Do I think German men would have reacted any different to this New York Times article than men in the United States did? No, I don’t. I think they too would be quite indifferent to a news article illuminating the plights of their women counterparts. But Germany has legal structures and social safety nets in place that bring women to more equal footing to their male counterparts — in the culture, the workforce and in the home. This social structure of support for women and families has been imperative in keeping women working in Germany, particularly in the last year. It has been imperative from keeping women off “the brink.” And while the gender roles are certainly alive and well in Germany, they are not nearly as drastic, and there are far fewer families that have experienced the extreme struggle when compared with their American counterparts.

This was a process in Germany to create proper family policies. (I will not call these policies generous, as many so often describe them in the cultural zeitgeist, because something that is fundamental to survival should not be considered generous.) It wasn’t until 2007 that the country enacted its parental leave benefit scheme that granted parents 67 percent of their previous income, and included two “daddy months.” Before then, it was not commonplace for men to take parental leave in Germany, and it was not nearly as common to see men taking on as many domestic duties.

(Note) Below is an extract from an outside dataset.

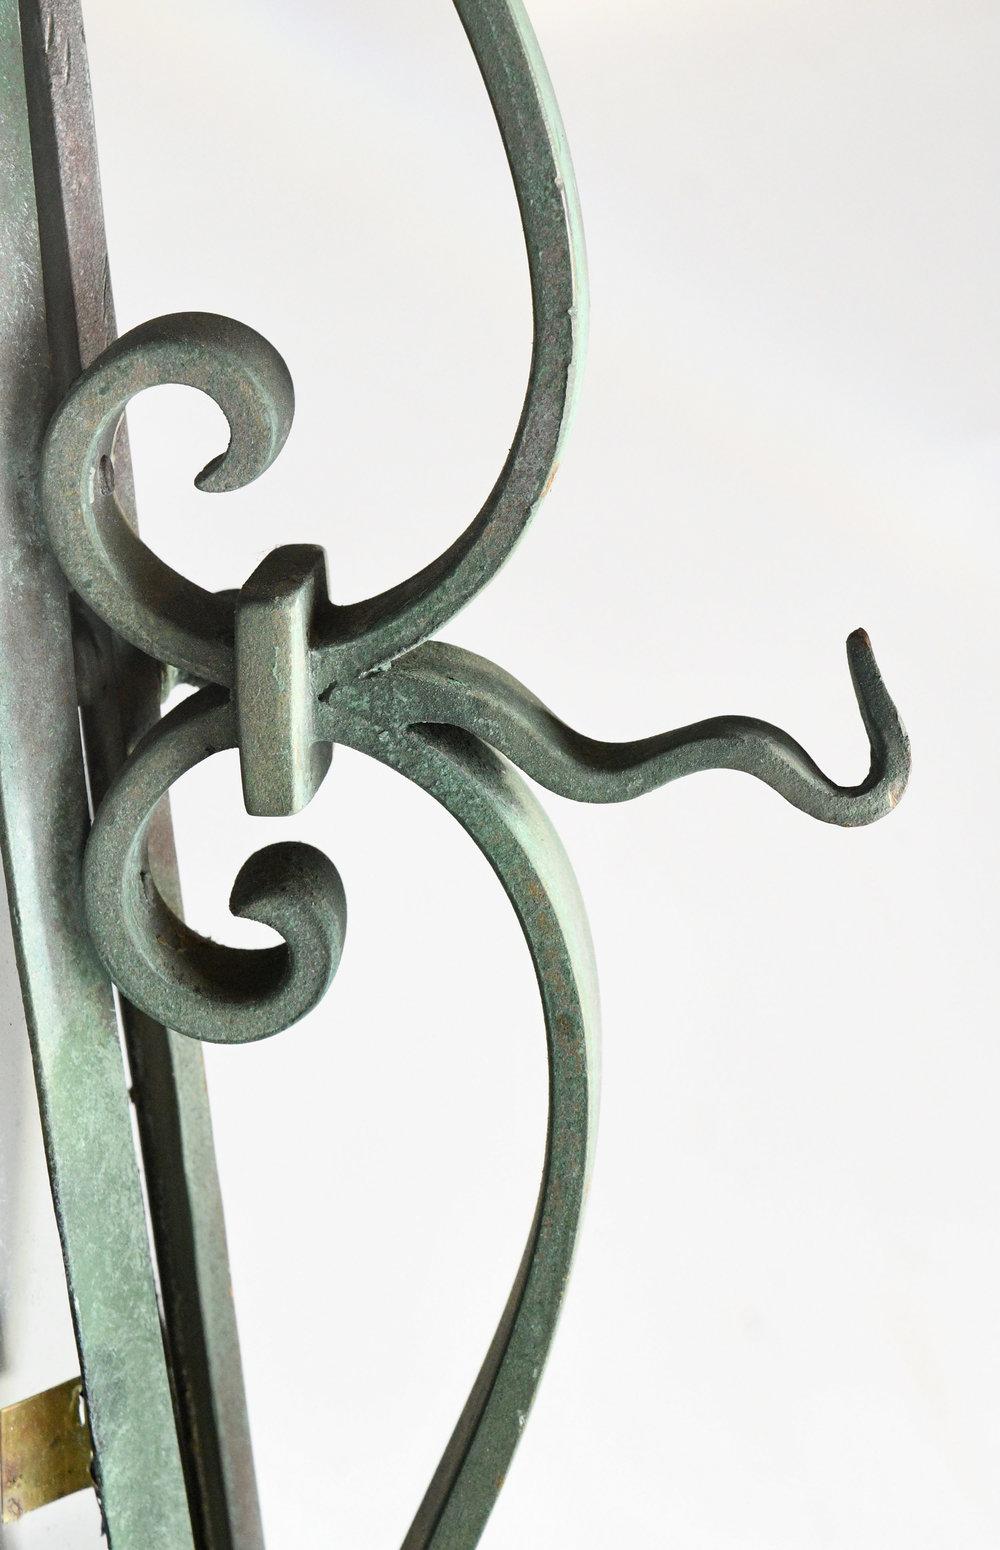 47246-victorian-copper-iron-sconce-swirly-design.jpg
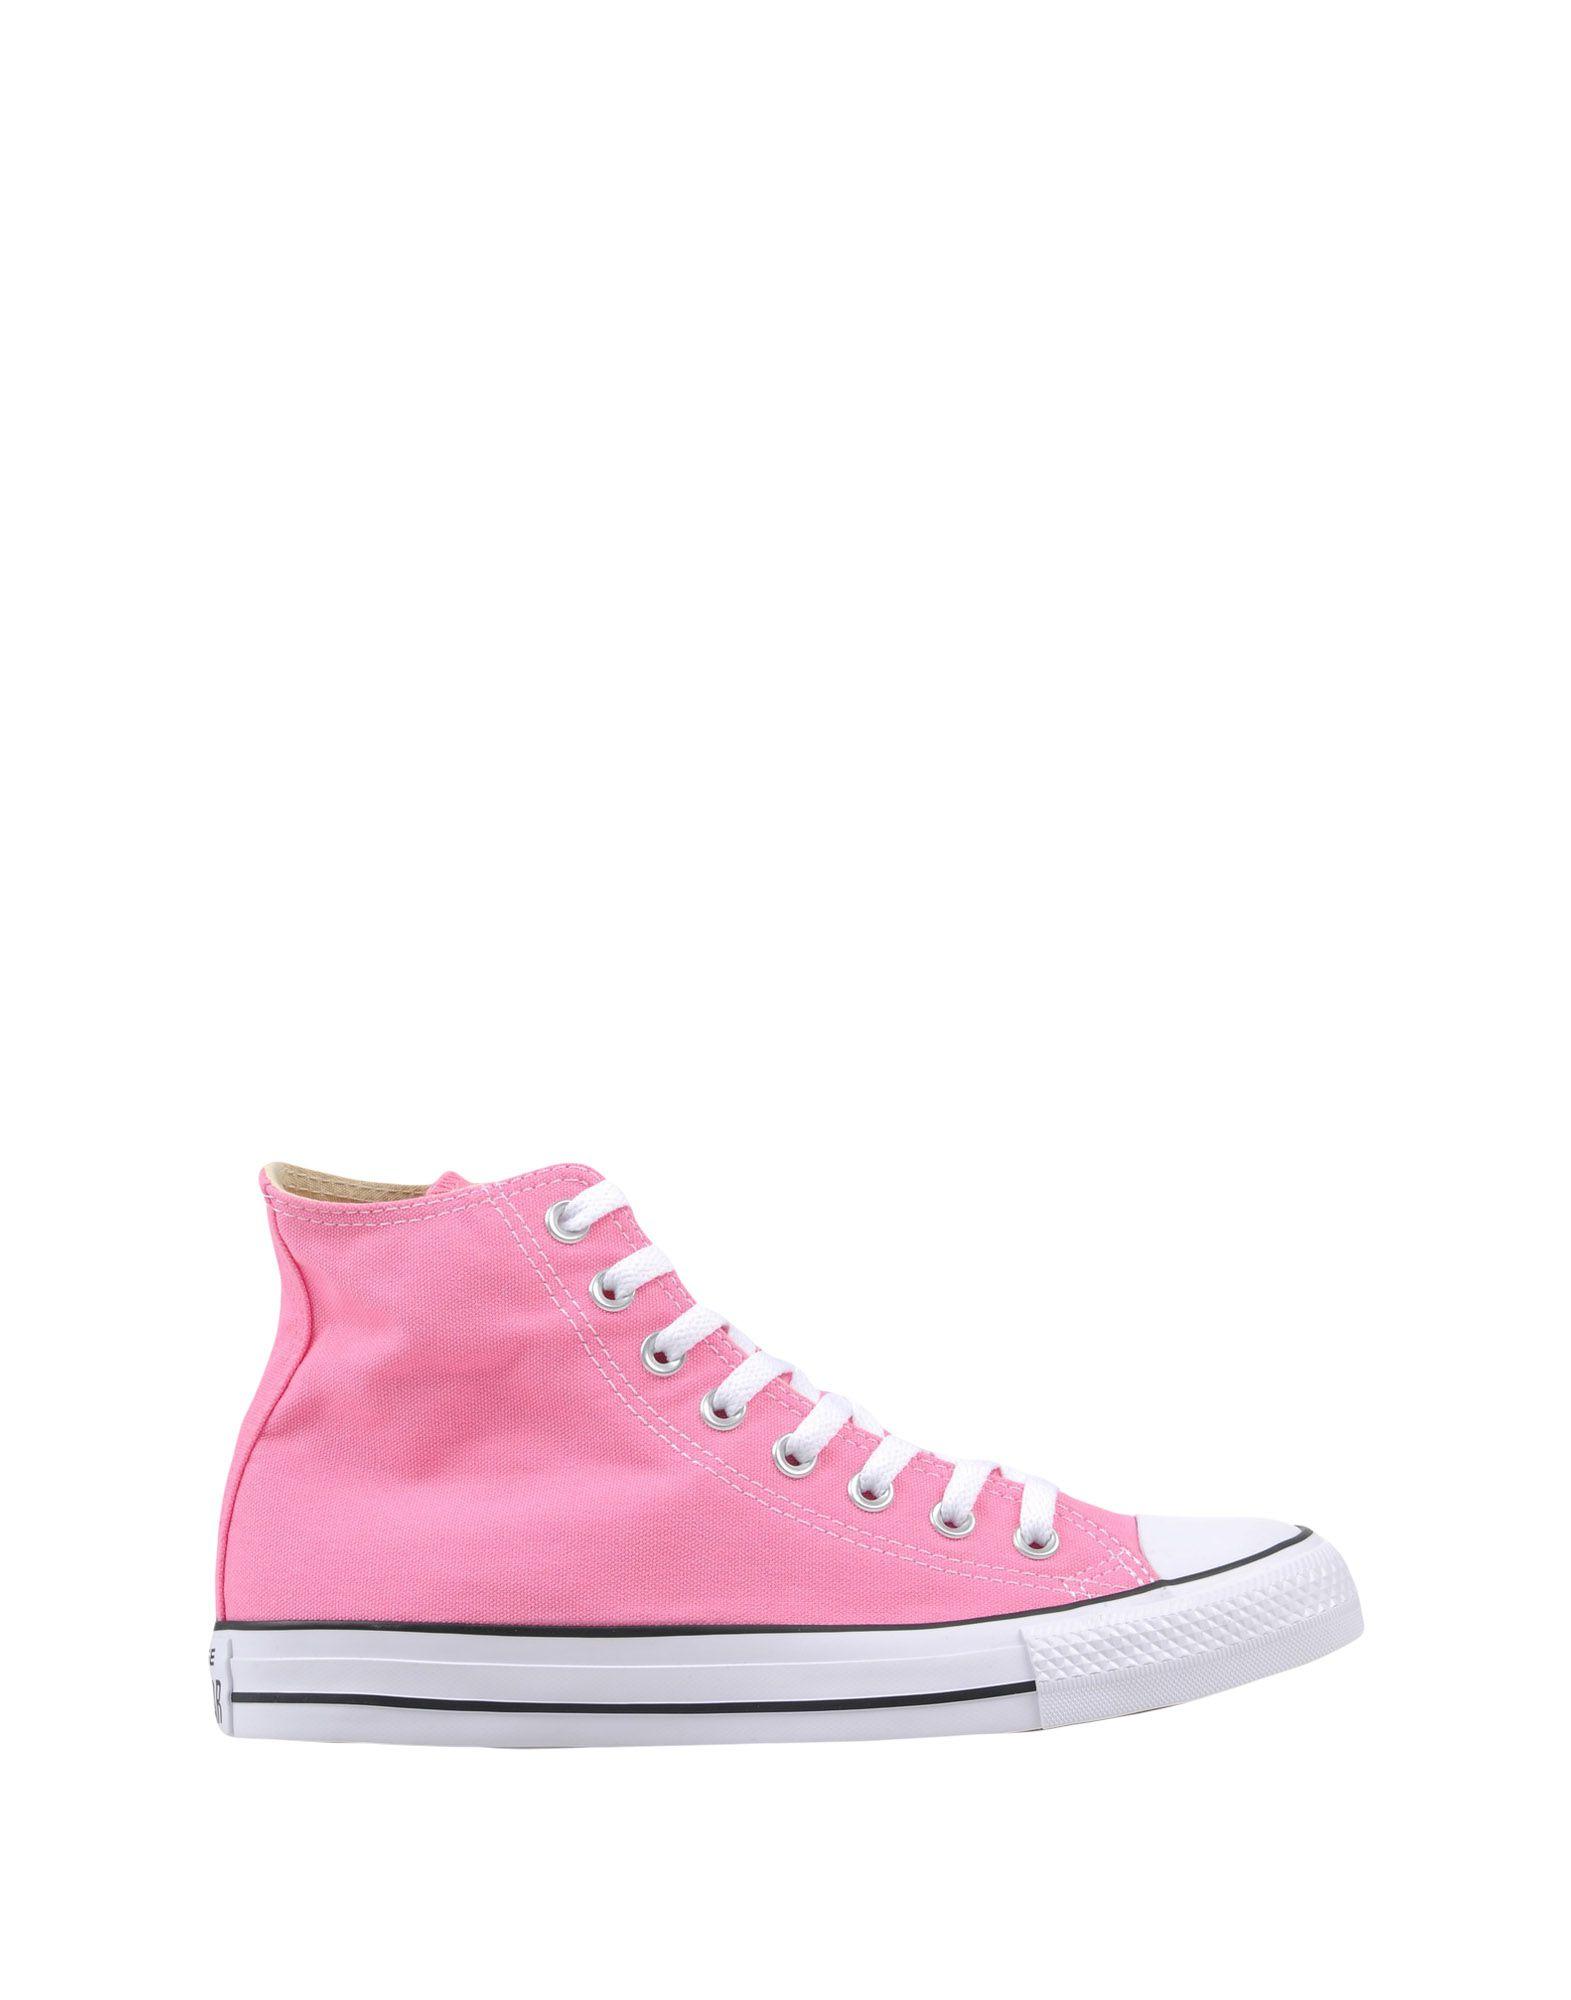 Sneakers Converse All Star Ctas Hi Canvas Core - Femme - Sneakers Converse All Star sur

The social structures in place created a framework for more balance at work and in the home.

U.S. Rep. Katie Porter and Sen. Elizabeth Warren (among others) have been outspoken about the need for paid maternity leave in the U.S., but I believe this argument needs to be pushed even further. If we really want to walk down Gender Equality Lane, paternal leave needs not only to be available to fathers but also offered the way it is in Norway (one of the best countries in the world for mothers and families), in a “use-it-or-lose-it” fashion.

It wasn’t until 1993 that a paternal quota (initially four weeks) was introduced in Norway. Before that, less than 3 percent of men took paternity leave. Today, fathers receive 15 weeks of non-transferrable parental leave in the country; more than 90 percent of fathers in Norway take advantage of this policy.

Not only does this balance the expectation and roles of men and women in the workplace, these policies elevate men into a more participatory parental role in the home. It sets a framework for men as caregivers and active participants in domestic life, and importantly, it allows fathers to bond with their child in those fleeting early days of life.

In Germany and many of the northern European countries, it is extremely common to see the same amount of women and men pushing strollers down the sidewalk or playing with their children on the playground during a weekday. That’s because parental leave allows men to have flexibility at work, which then translates to more equality in the home.

Last November, sociologist Jessica Caruso, in an interview with Anne Helen Peterson, discussed the enormous pressure that American mothers have experienced during the pandemic, and offered up a withering critique of gender dynamics in America: “Other countries have social safety nets. The U.S. has women.”

It’s true, and it doesn’t have to be this way.